Otherwise I would forget the details next time I need to build.

If Myrinet and GigE are on separate clusters,
you'll have to install OpenMPI on each one, sorry.
However, if Myrinet and GigE are available on the same cluster,
you can build a single OpenMPI,
and choose the "byte transport layer (BTL)"
to be Myrinet or GigE (or IB, for that matter),
and even the NICs/networks to use,
on your job submission script.

Check the OpenMPI FAQ:
http://www.open-mpi.org/faq/?category=myrinet#myri-btl-gm
http://www.open-mpi.org/faq/?category=tcp#tcp-btl
http://www.open-mpi.org/faq/?category=openfabrics#ib-btl
http://www.open-mpi.org/faq/?category=tcp#tcp-multi-network
http://www.open-mpi.org/faq/?category=tcp#tcp-selection


Gus Correa


PS - BTW - Our old non-Rocks cluster has Myrinet-2000 (GM).
After I get the new cluster up and running and in production,
I am thinking of revamping the old cluster, and install Rocks on it.
I would love to learn from your experience with your
Rocks+Myrinet cluster, if you have the time to post a short
"bullet list" of "do's and don'ts".
(The Rocks list may be more appropriate than the OpenMPI for this.)

Last I checked Myrinet had a roll only for Rocks 5.0,
not 5.1, right?
Did you install it with on top of Rocks 5.0 or 5.1?
(For instance, my recollection of old postings on the list,
is that the Torque 5.0 roll worked with Rocks 5.1,
but it is always a risky business to mix different releases.)

Many thanks,
Gus Correa
-
Gustavo Correa
Lamont-Doherty Earth Observatory - Columbia University
Palisades, NY, 10964-8000 - USA
-

Gerry Creager wrote:

Gus,

I'll give that a try real quick (or as quickly as the compiles can run.

I'd not thought of this solution.  I've been context-switching too much 
lately.  I've gotta look at this for a gigabit cluster as well.


Thanks!

Gus Correa wrote:

Hi Gerry

You may need to compile a hybrid OpenMPI
using gcc for C, PGI f90 for Fortran on the OpenMPI configure script.
This should give you the required mpicc and mpif90 to do the job.
I guess this is what Elvedin meant on his message.

I have these hybrids for OpenMPI and MPICH2 here
(not Myrinet but GigE), and they work
fine with a WRF relative (CAM3, atmospheric climate).

Two cents from
Gus Correa
-
Gustavo Correa
Lamont-Doherty Earth Observatory - Columbia University
Palisades, NY, 10964-8000 - USA
-

Gerry Creager wrote:

Elvedin,

Yeah, I thought about that after finding a reference to this in the 
archives, so I redirected the path to MPI toward the gnu-compiled 
version.  It died in THIS manner:

make[3]: Entering directory `/home/gerry/WRFv3/WRFV3/external/RSL_LITE'
mpicc -cc=gcc -DFSEEKO64_OK  -w -O3 -DDM_PARALLEL   -c c_code.c
pgcc-Error-Unknown switch: -cc=gcc
make[3]: [c_code.o] Error 1 (ignored)

Methinks the wrf configuration script and make file will need some 
tweeks.


Interesting thing: I have another system (alas, with mpich) where it 
compiles just fine.  I'm trying to sort this out, as on 2 systems, 
with openMPI, it does odd dances before dying.


I'm still trying things.  I've gotta get this up both for MY research 
and to support other users.


Thanks, Gerry

Elvedin Trnjanin wrote:
WRF almost requires that you use gcc for the C/C++ part and the PGI 
Fortran compilers, if you choose that option.

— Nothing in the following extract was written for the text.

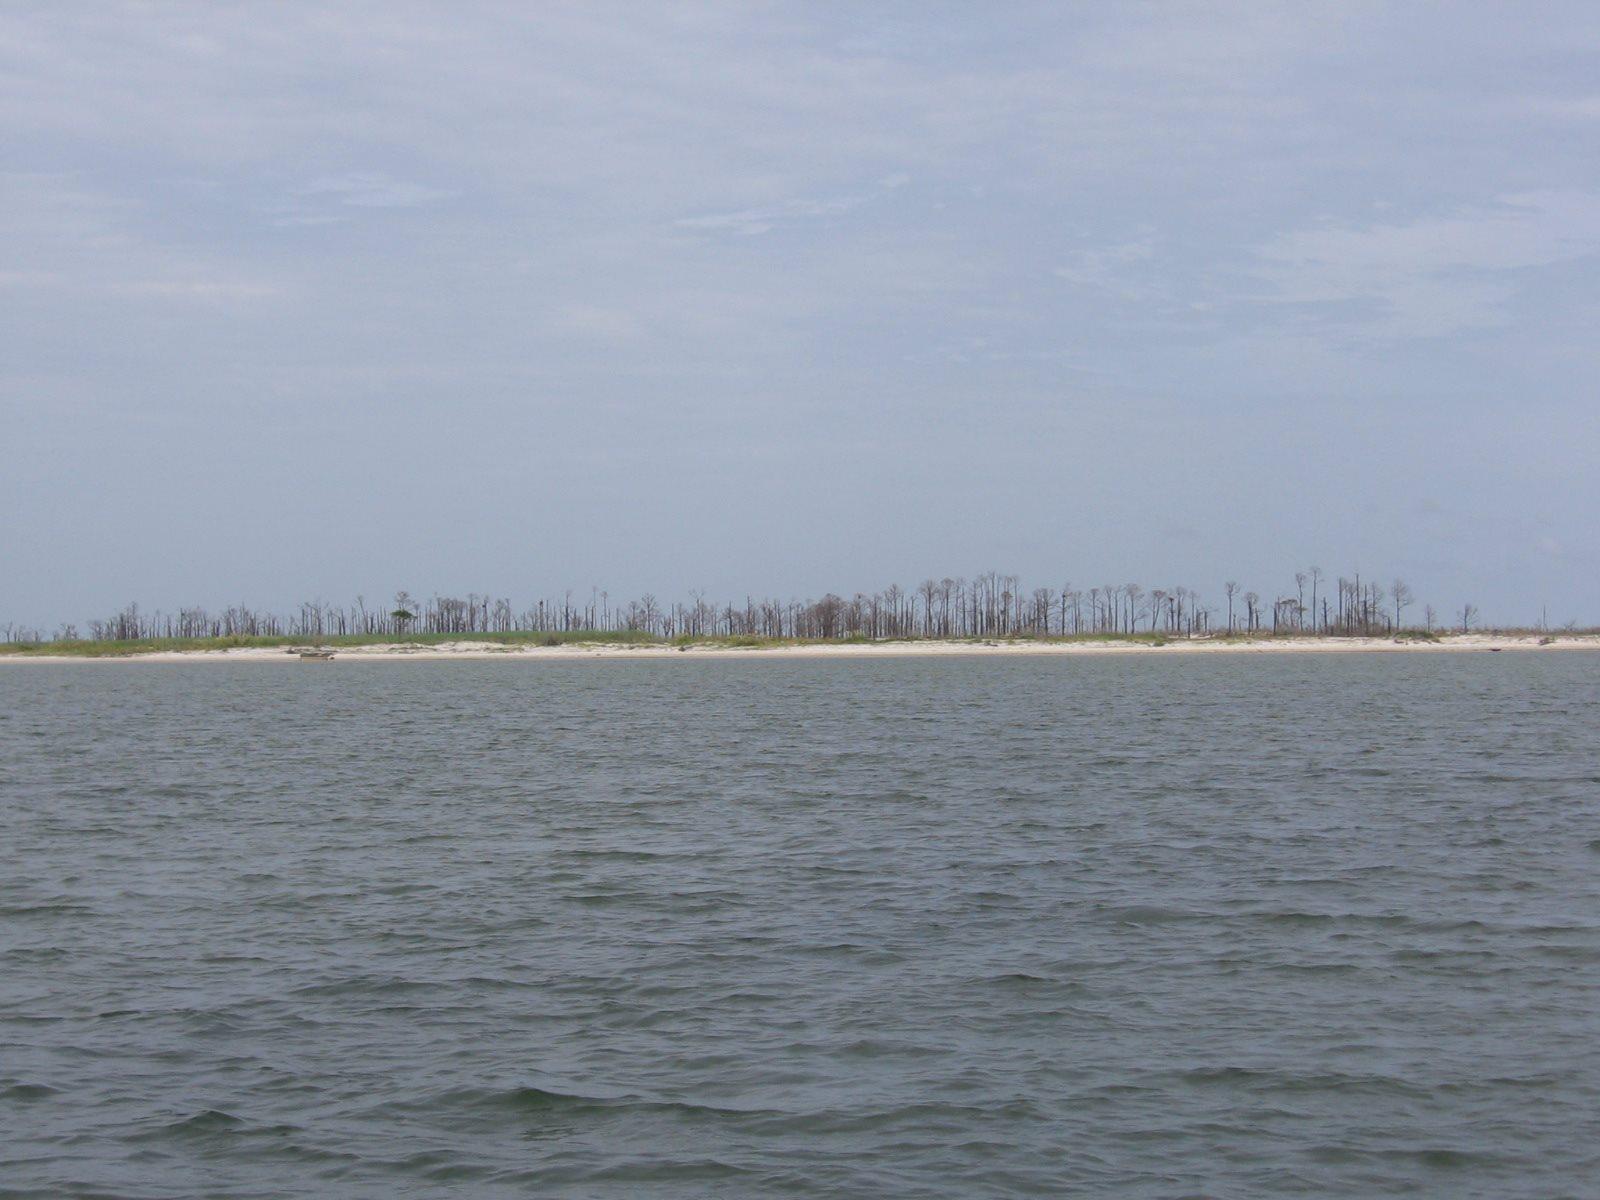 Petit Bois Island

I'd suggest compiling 
OpenMPI in the same way as that has resolved our various issues. 
Have you tried that with the same result?


Gerry Creager wrote:

Howdy,

I'm new to this list.  I've done a little review but likely missed 
something specific to what I'm asking.  I'll keep looking but need 
to resolve this soon.


I'm running a Rocks cluster (centos 5), with PGI 7.2-3 compilers, 
Myricom MX2 hardware and drivers, and OpenMPI1.3


I installed the Myricom roll which has OpenMPI compiled with gcc.  
I recently compiled the openmpi code w/ PGI.


I've the MPICH_F90 pointing to the right place, and we're looking 
for the right includes and libs by means of LD_LIBRARY_PATH, etc.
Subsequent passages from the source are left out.